• ASSIGNMENT:
Pictures aside, repeat the listing below exactly.

• PROVIDED MATERIAL:
+---+

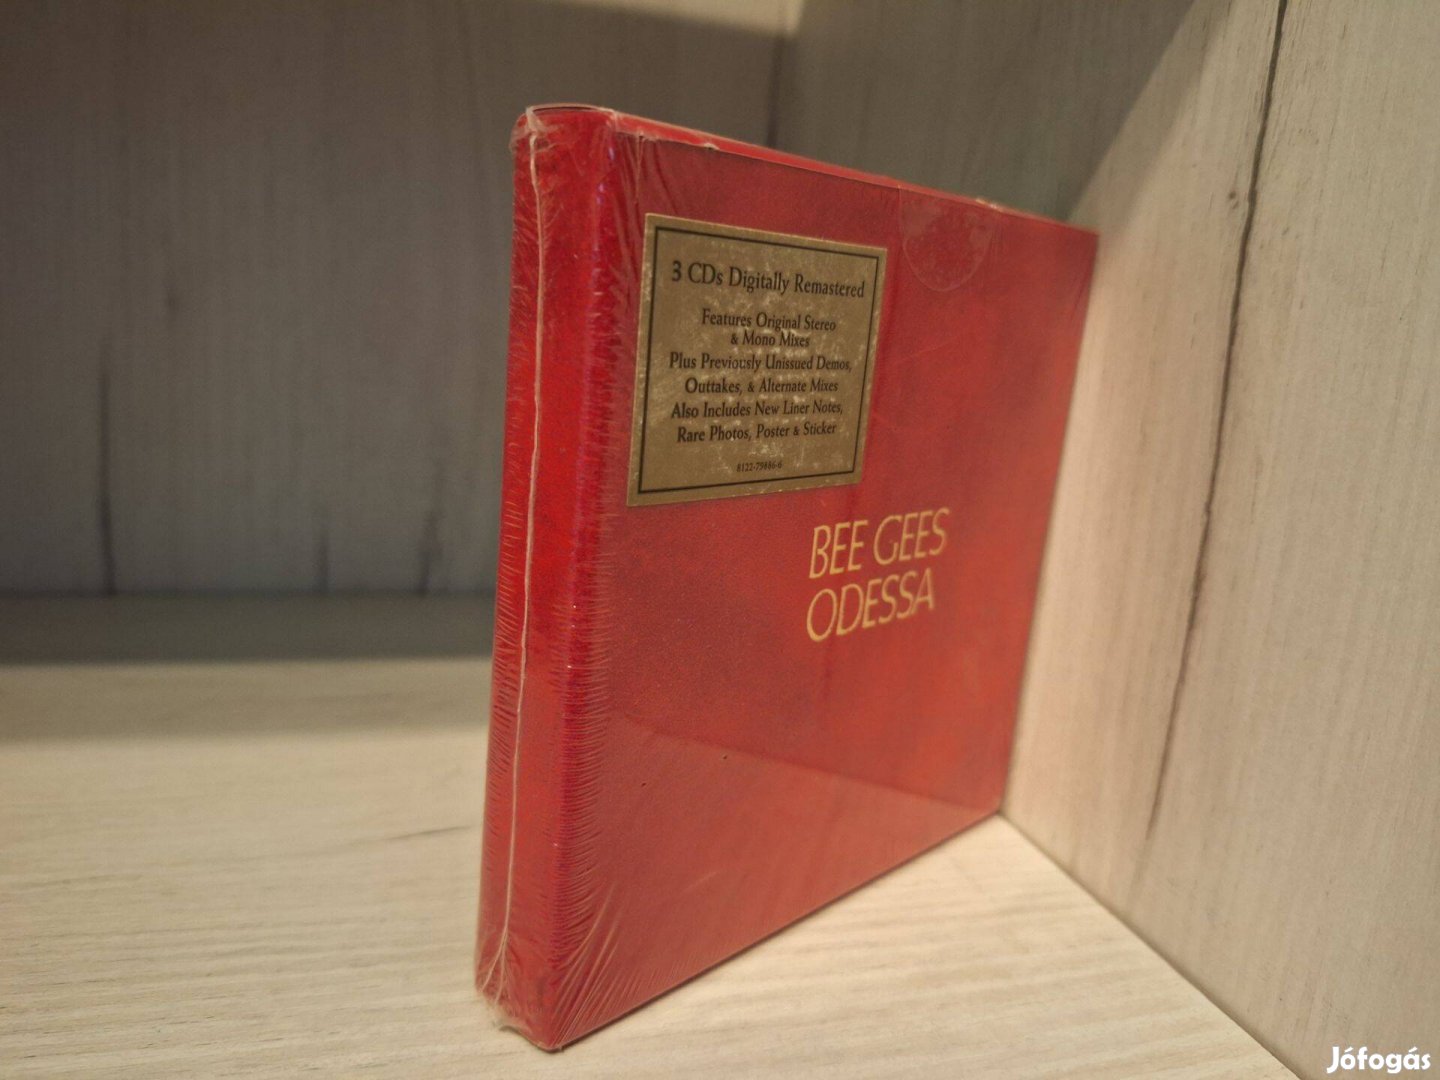 Bee Gees - Odessa - 3 CD box - Új
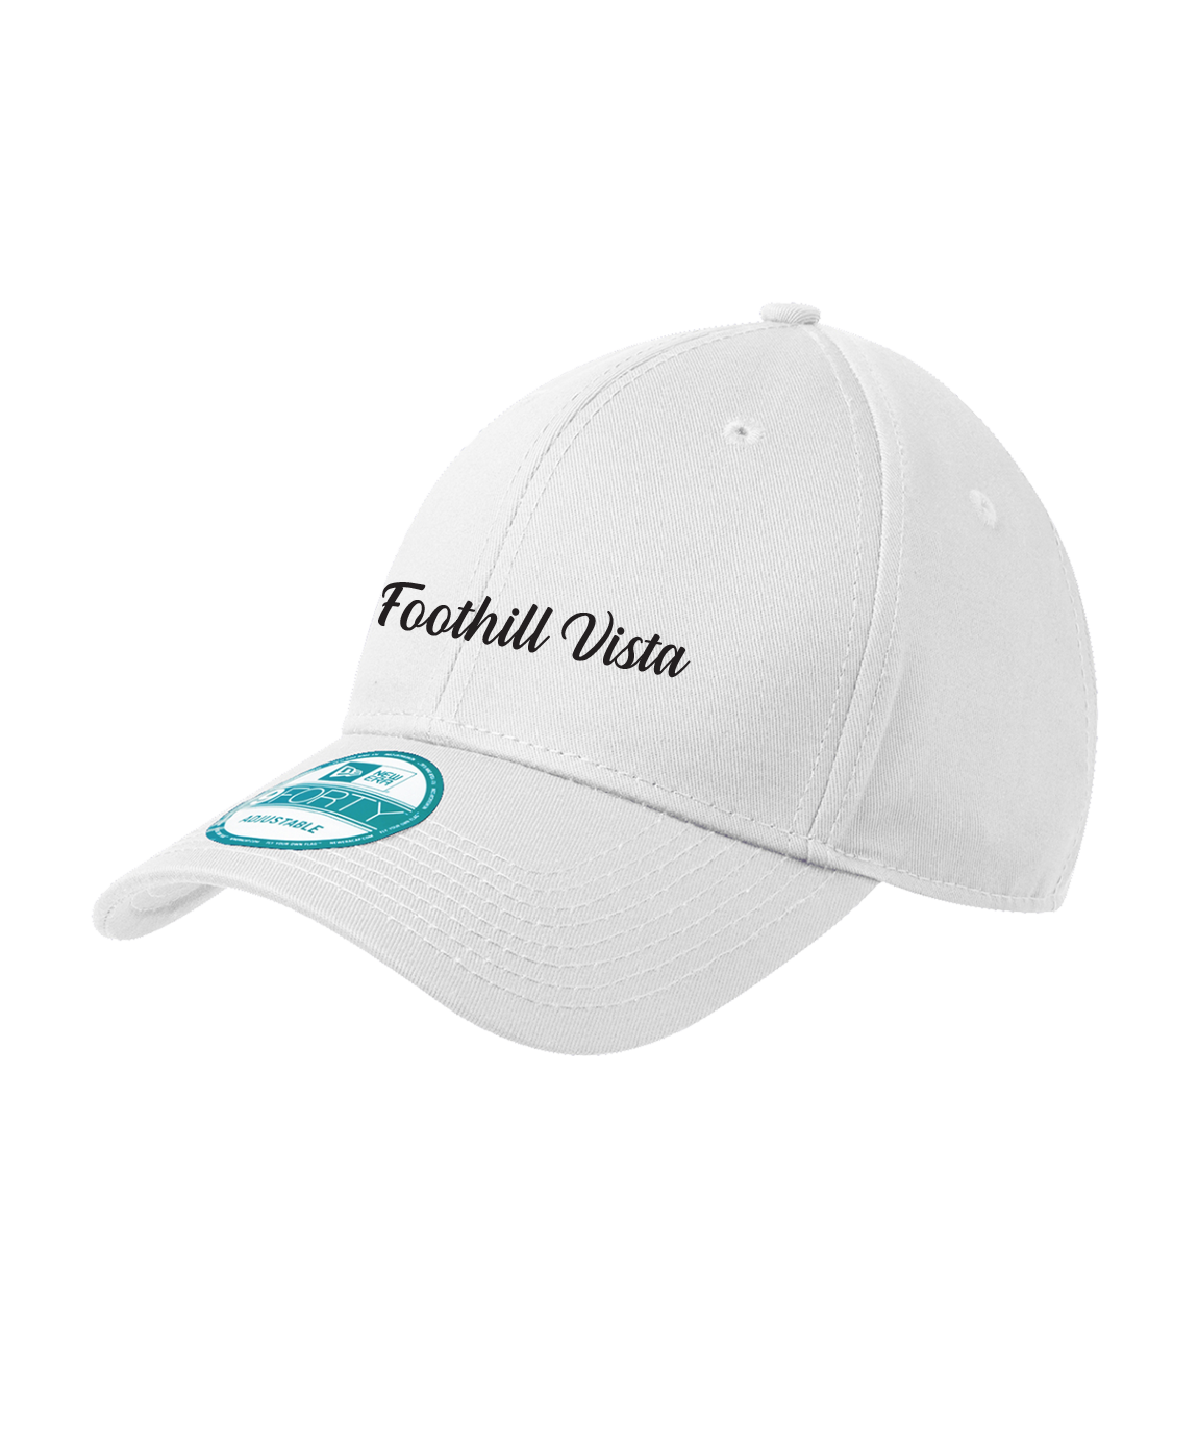 Foothill Vista - New Era® - Adjustable Structured Cap
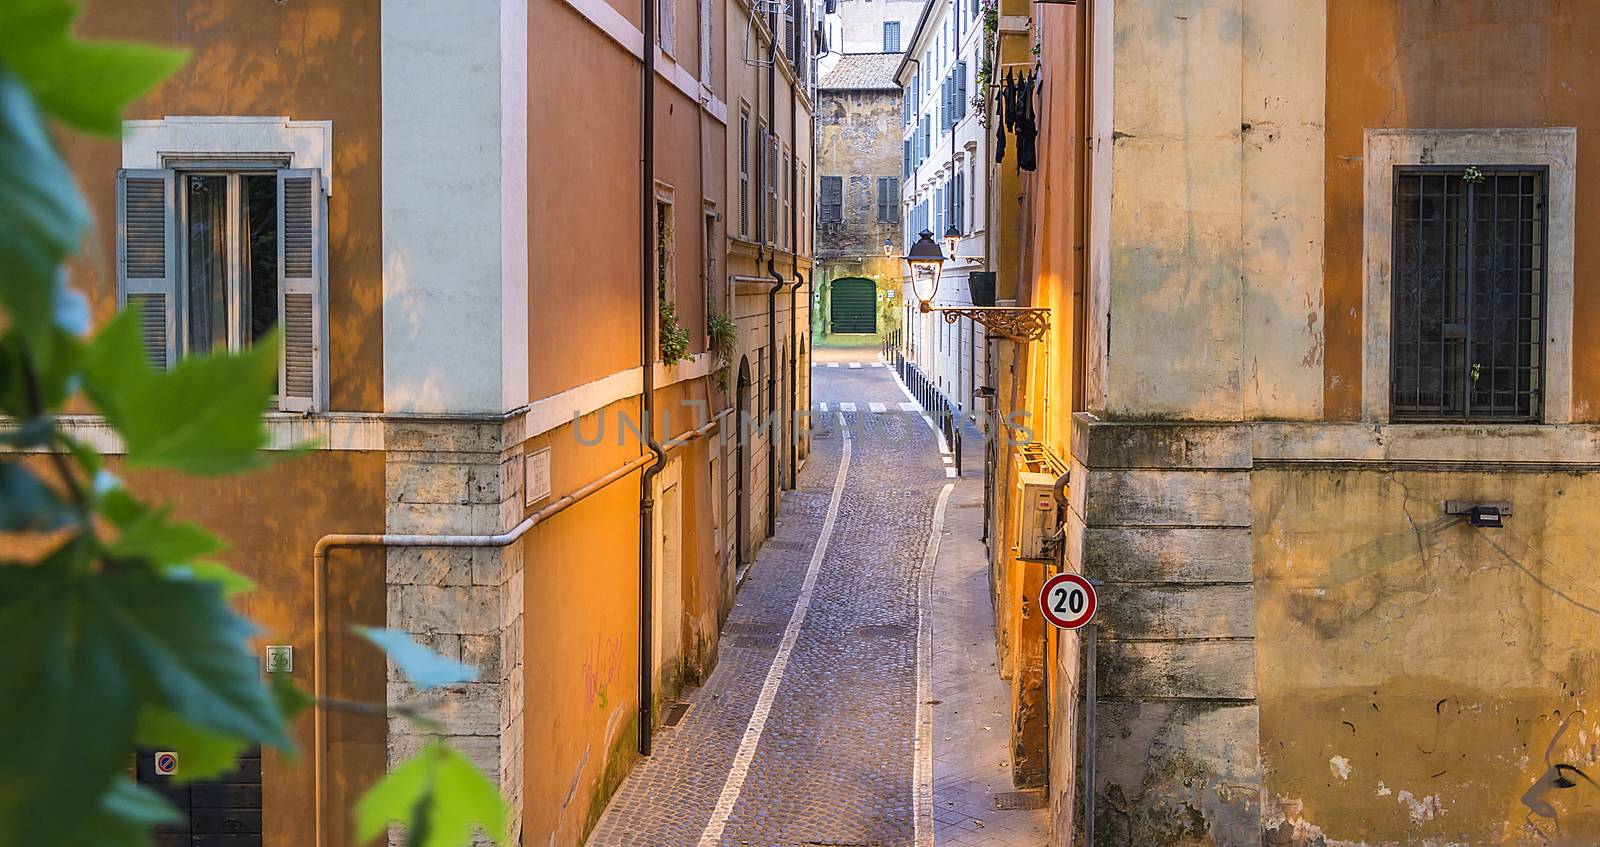 Medieval street in Rome by rarrarorro

+---+

• ANSWER BOX:
 Bee Gees - Odessa - 3 CD box - Új
 Foothill Vista - New Era® - Adjustable Structured Cap
 Medieval street in Rome by rarrarorro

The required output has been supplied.